Inherited neurotransmitter disorders are rare neurometabolic conditions which encompass genetic disorders of neurotransmitter metabolism or transport. The clinical manifestations of these rare disorders are often nonspecific, ranging from encephalopathies and seizures to movement disorders. As a consequence, neurotransmitter disorders are underrecognized and often misdiagnosed. Accurate and timely diagnosis is, however, of utmost importance, given the availability of therapeutic strategies. A high index of clinical suspicion and familiarity with the neuroimaging phenotypes is therefore crucial. While the imaging features of various neurotransmitter disorders often overlap and are nonspecific, imaging can be helpful in providing useful clues to guide the diagnostic algorithm for uncommon conditions in a neonate presenting with nonspecific neurological symptoms. In this review paper, we aim to bring together current knowledge of neuroimaging phenotypes associated with inherited (primary) disorders of neurotransmitter biosynthesis.

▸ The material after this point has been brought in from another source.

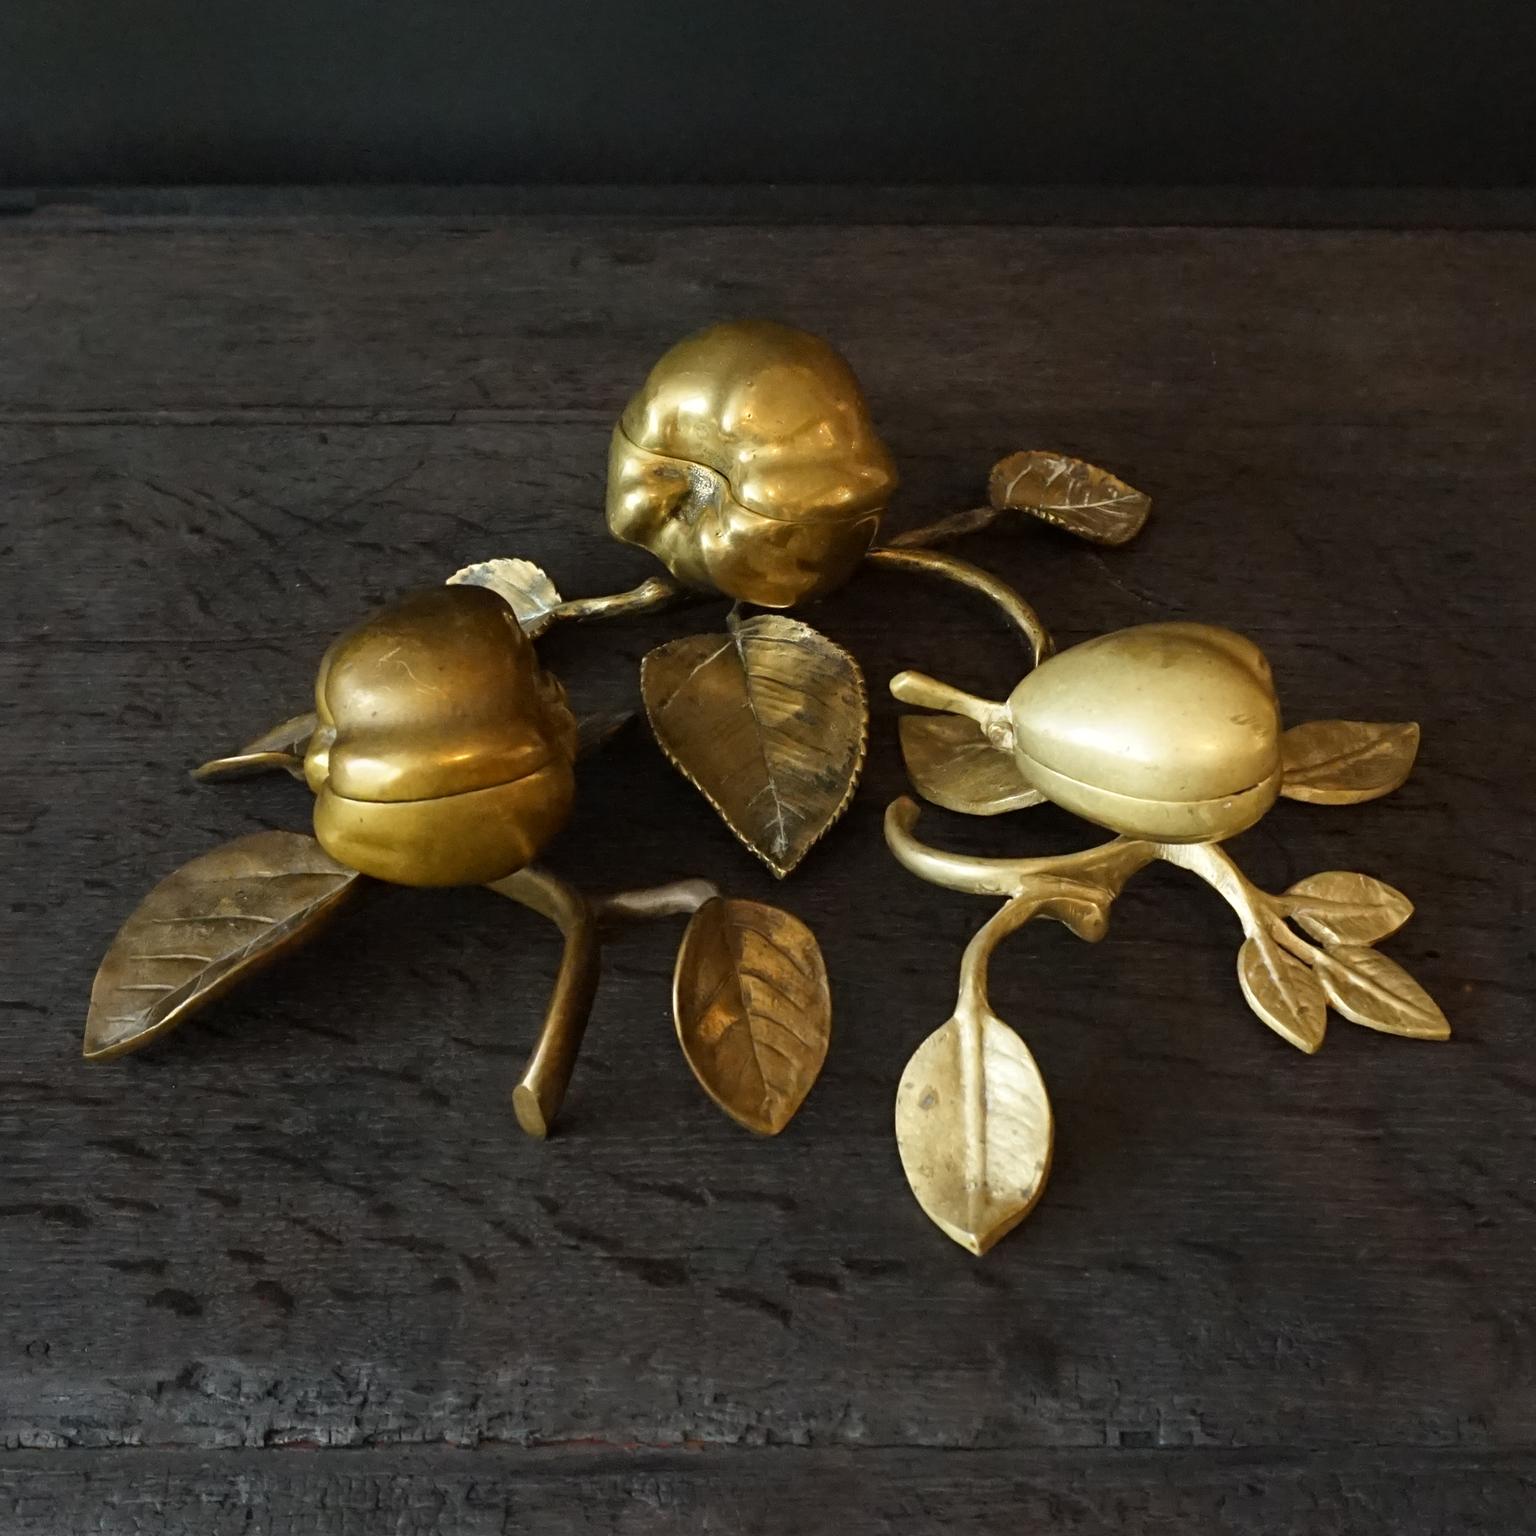 Antique hinged bronze patinated apples and a pear trinket boxes on a twig with leaves, to keep or collect your little trinkets in.
They used to be called bed-apple or bed-pear, and they were used for putting your jewellery in on your nightstand

Magnetic resonance imaging phenotypes of disorders of monoamine biosynthesis, primary cerebral folate deficiency, disorders of pyridoxine metabolism, disorders of gamma-aminobutyric acid metabolism, nonketotic hyperglycinemia (glycine encephalopathy), disorders of serine biosynthesis, and cerebral creatine deficiency syndrome will be discussed and illustrated with case examples.

Keywords

neurotransmitter disorders - neuroimaging - monoamine biosynthesis - pyridoxine metabolism - glycine encephalopathy - cerebral creatine deficiency

Financial Disclosure

The authors have no financial relationships relevant to this article to disclose.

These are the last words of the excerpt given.